With pop3 it's working perfectly though.

Any hints appreciated. If source hacking will be necessary, I'll do it, as I had to to get cyrus-sasl to work wirh virtual mailing adresses.

TIA

 mcdeck

----------

## kashani

Hmmm I'd suspect that problems creating .Sent and whatnot are more likely to originate from Courier-imap than Postfix. Postfix will create .maildir and then new/ cur/ tmp/ underneath that. That's really all that's required from Postfix's point of view.

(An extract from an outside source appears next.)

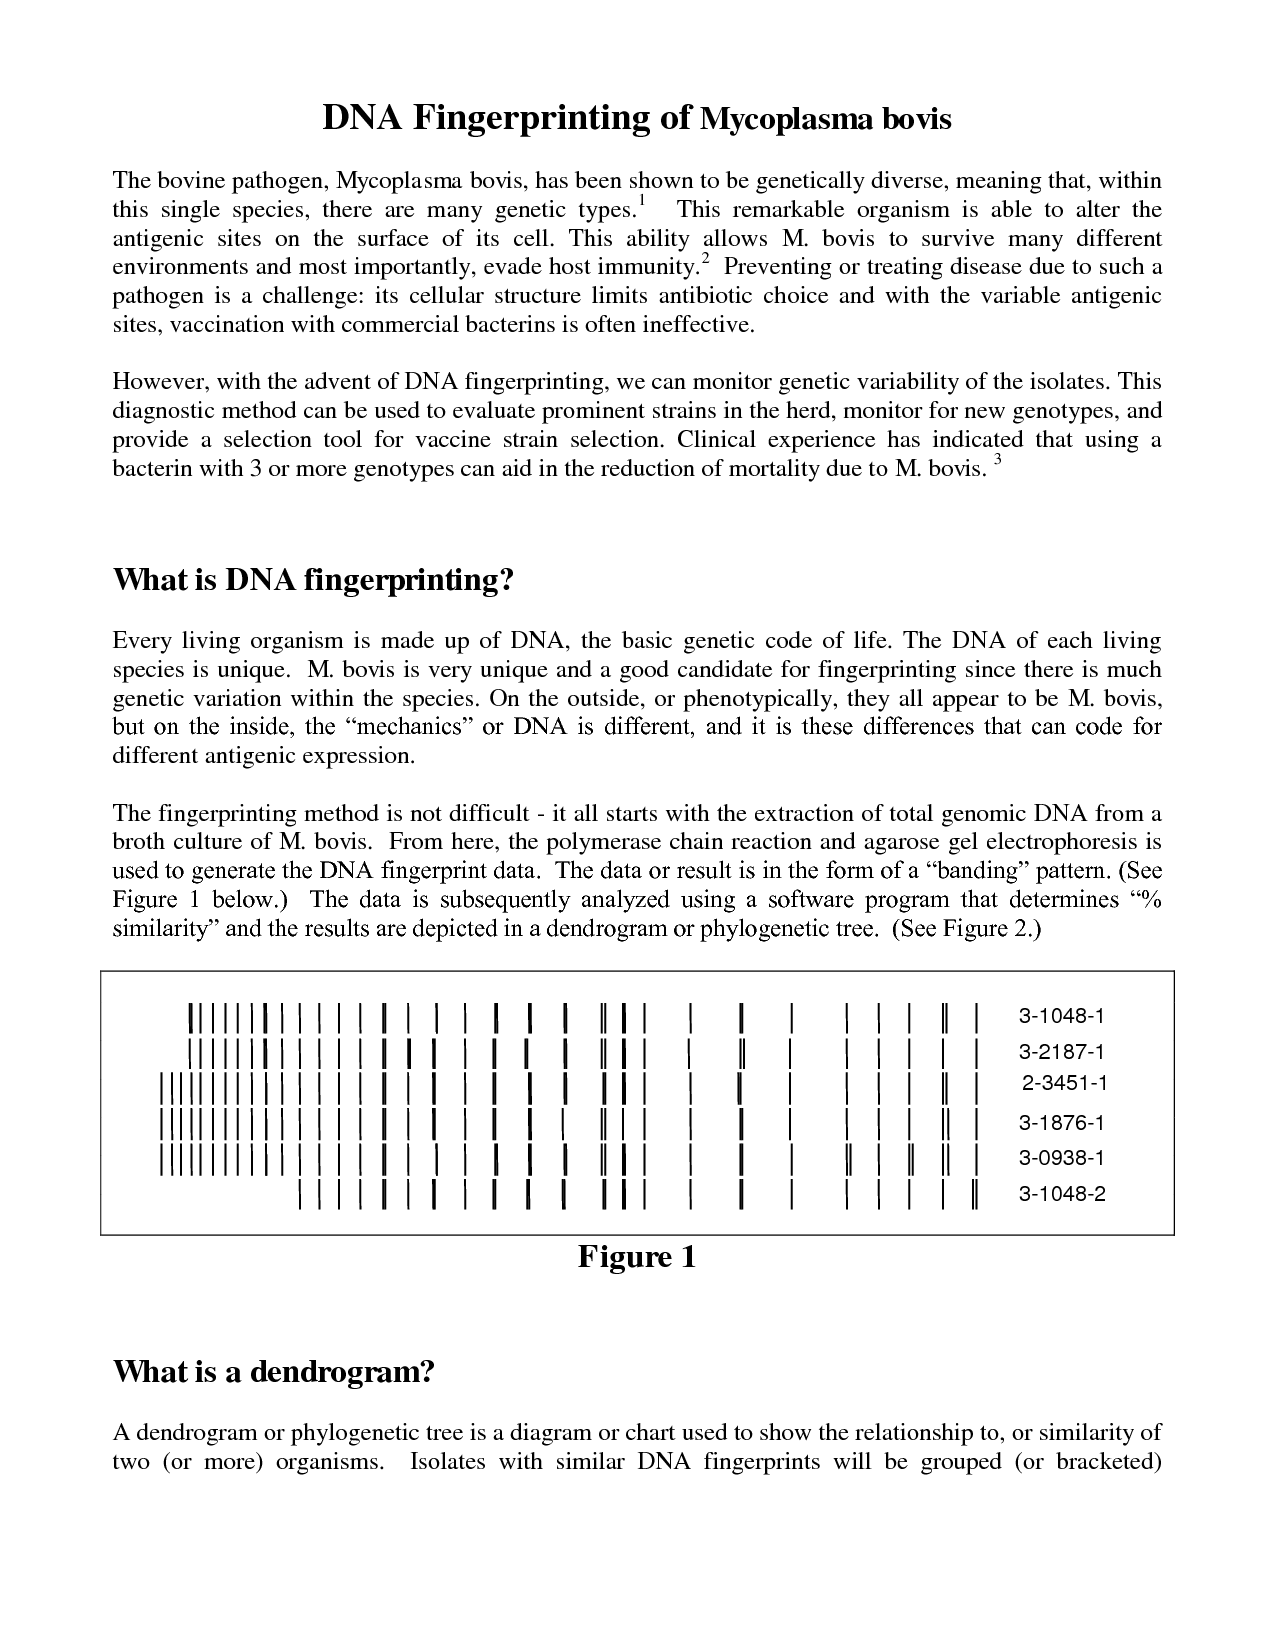 DNA Fingerprinting Worksheet Answers Image
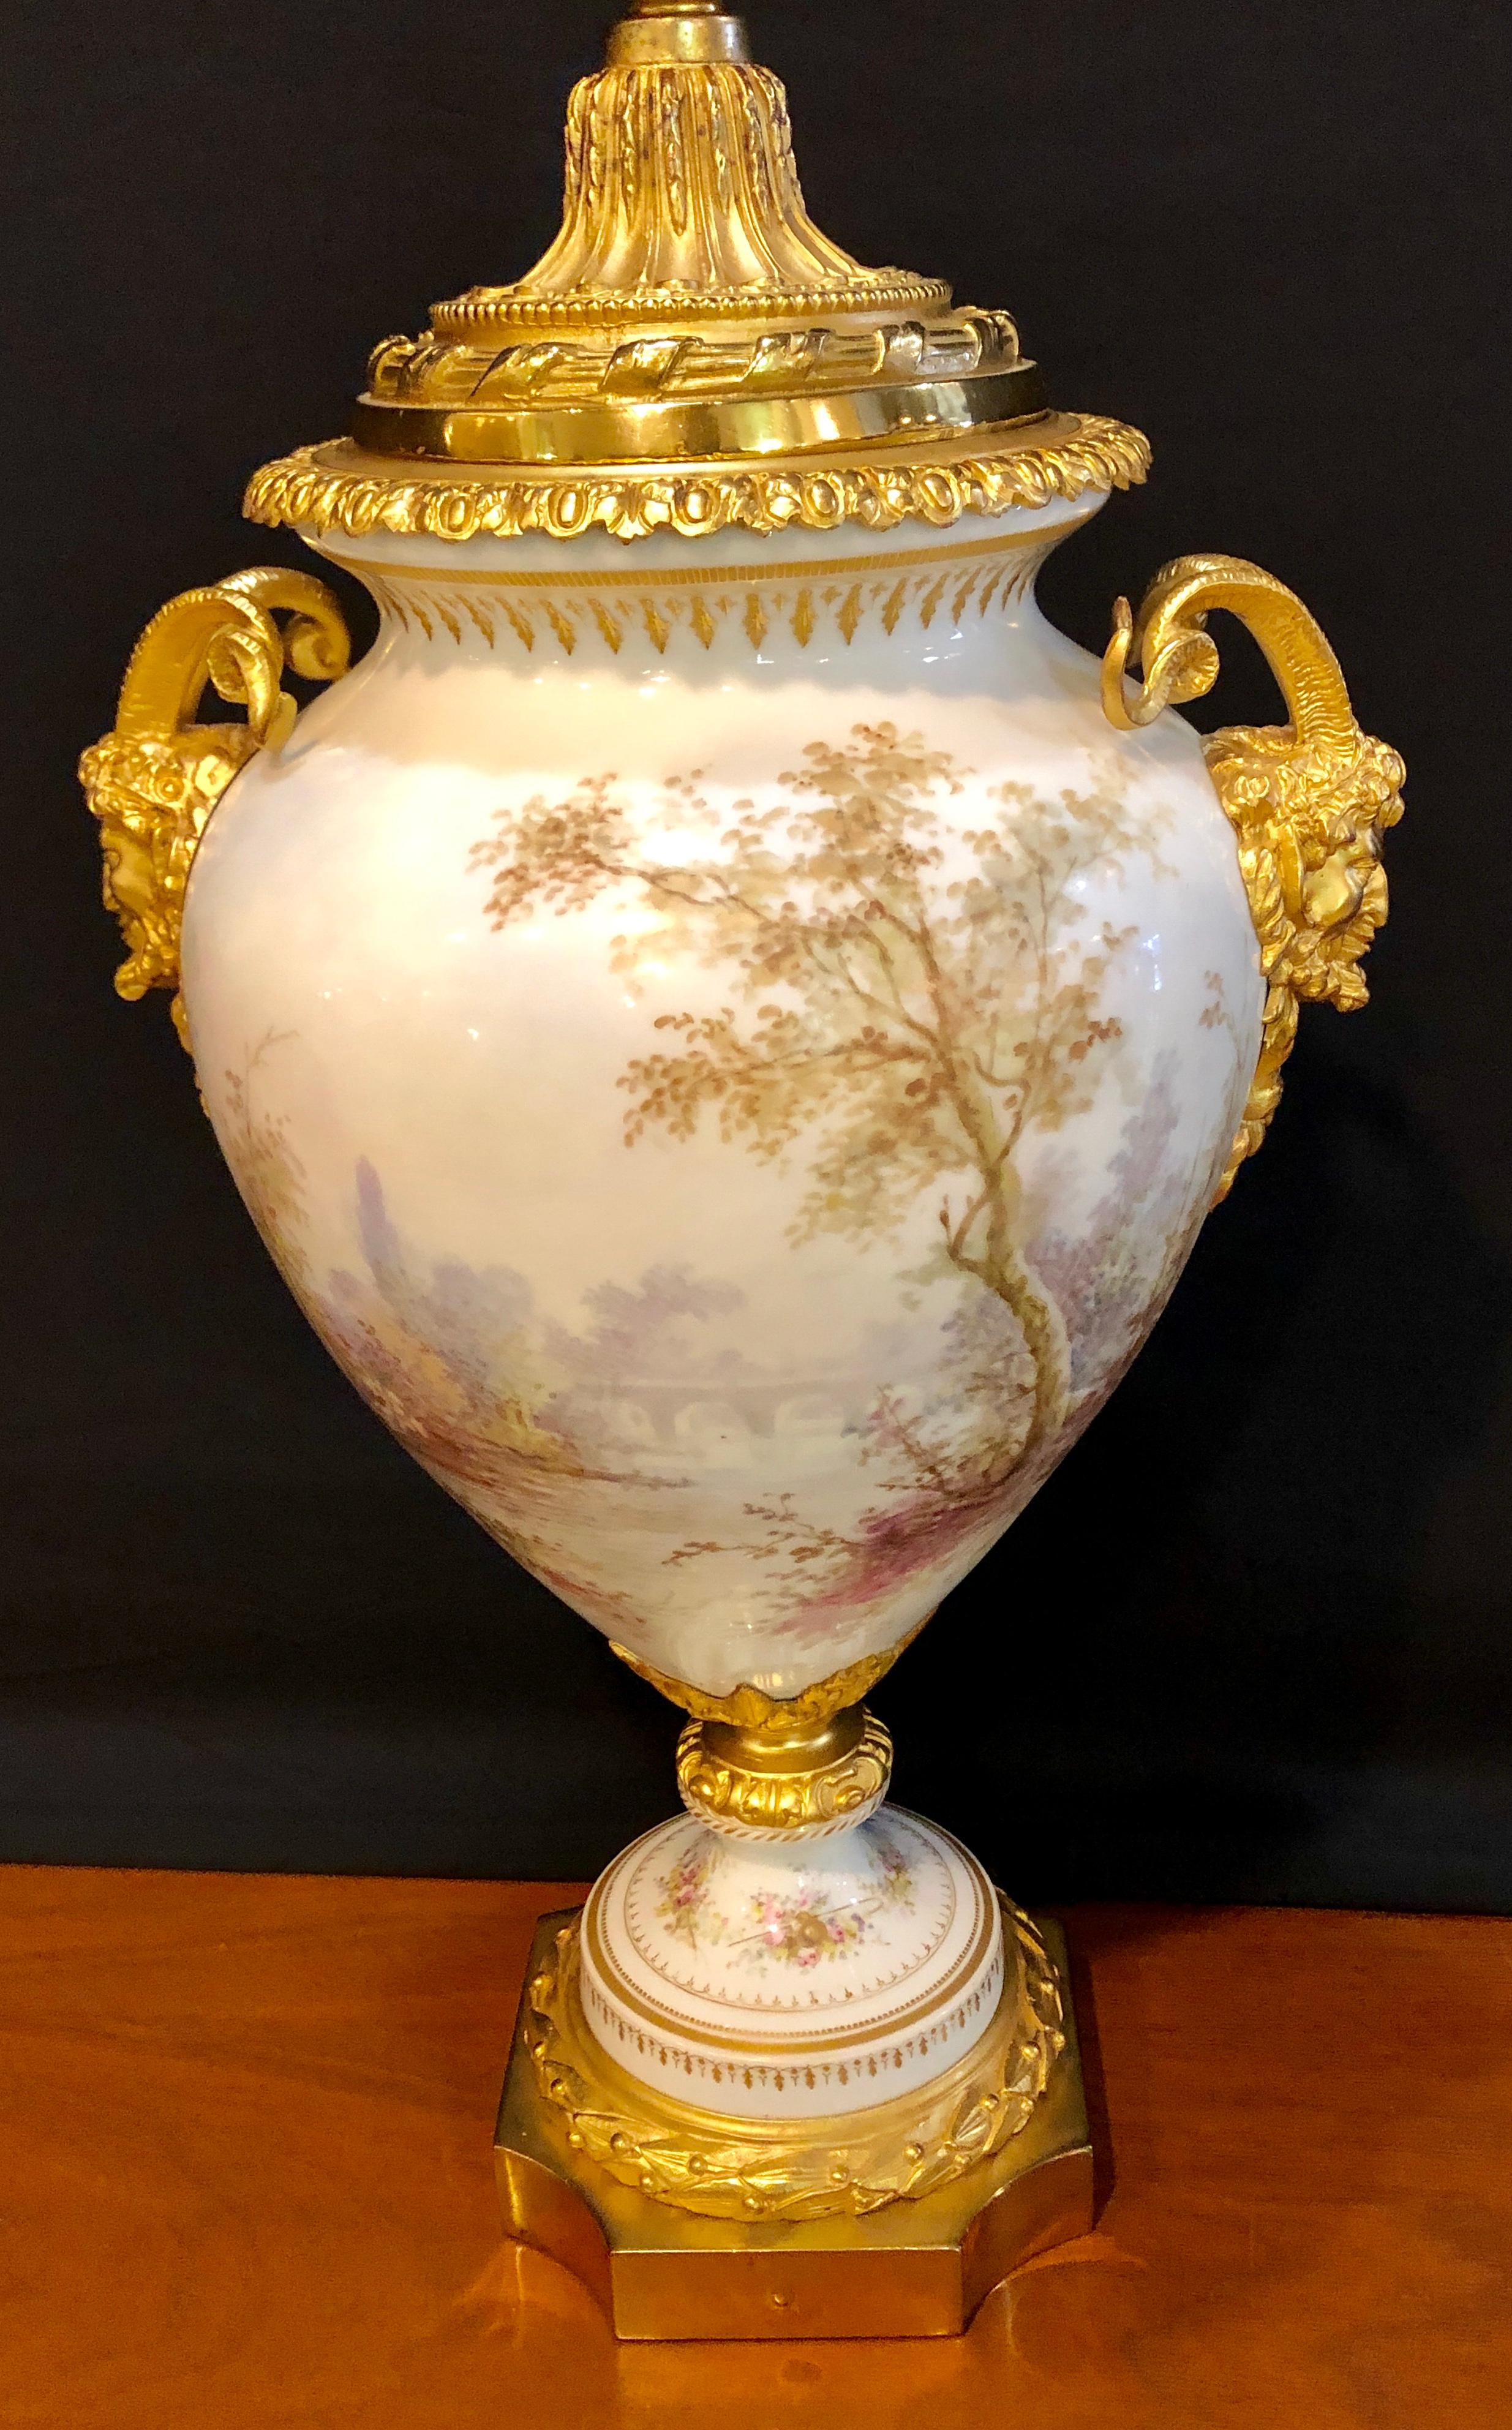 Vase à couvercle en bronze à tête de bélier peint Sèvres. Ce vase merveilleusement détaillé a été nettoyé professionnellement sur une base tournante avec de fines montures en bronze doré. Signature de l'artiste et de l'entreprise.

The imap daemon should handle the usual imap folders.

I'd guess in order of likeliness it's a bug in Thunderbird or something is not quite right in Courier. 

kashani

----------

## mcdeck

So I guess I'll have to trace who is creating which directories .. furhtermore I'll be testing this with outlook (*sigh*) tomorrow. 

I've been browsing the postfix source today and found some make_dir and some other commands .. maybe I'll get the clue tomorrow. 

But for instance, isn't postfix delivering mail to all mailboxes? so shouldn't it be postfix which creates all directories if they don't exists?

----------

## mcdeck

so well, I've been testing this with OE now and it's sending email just like it should, nevertheless, there still is no sent folder. 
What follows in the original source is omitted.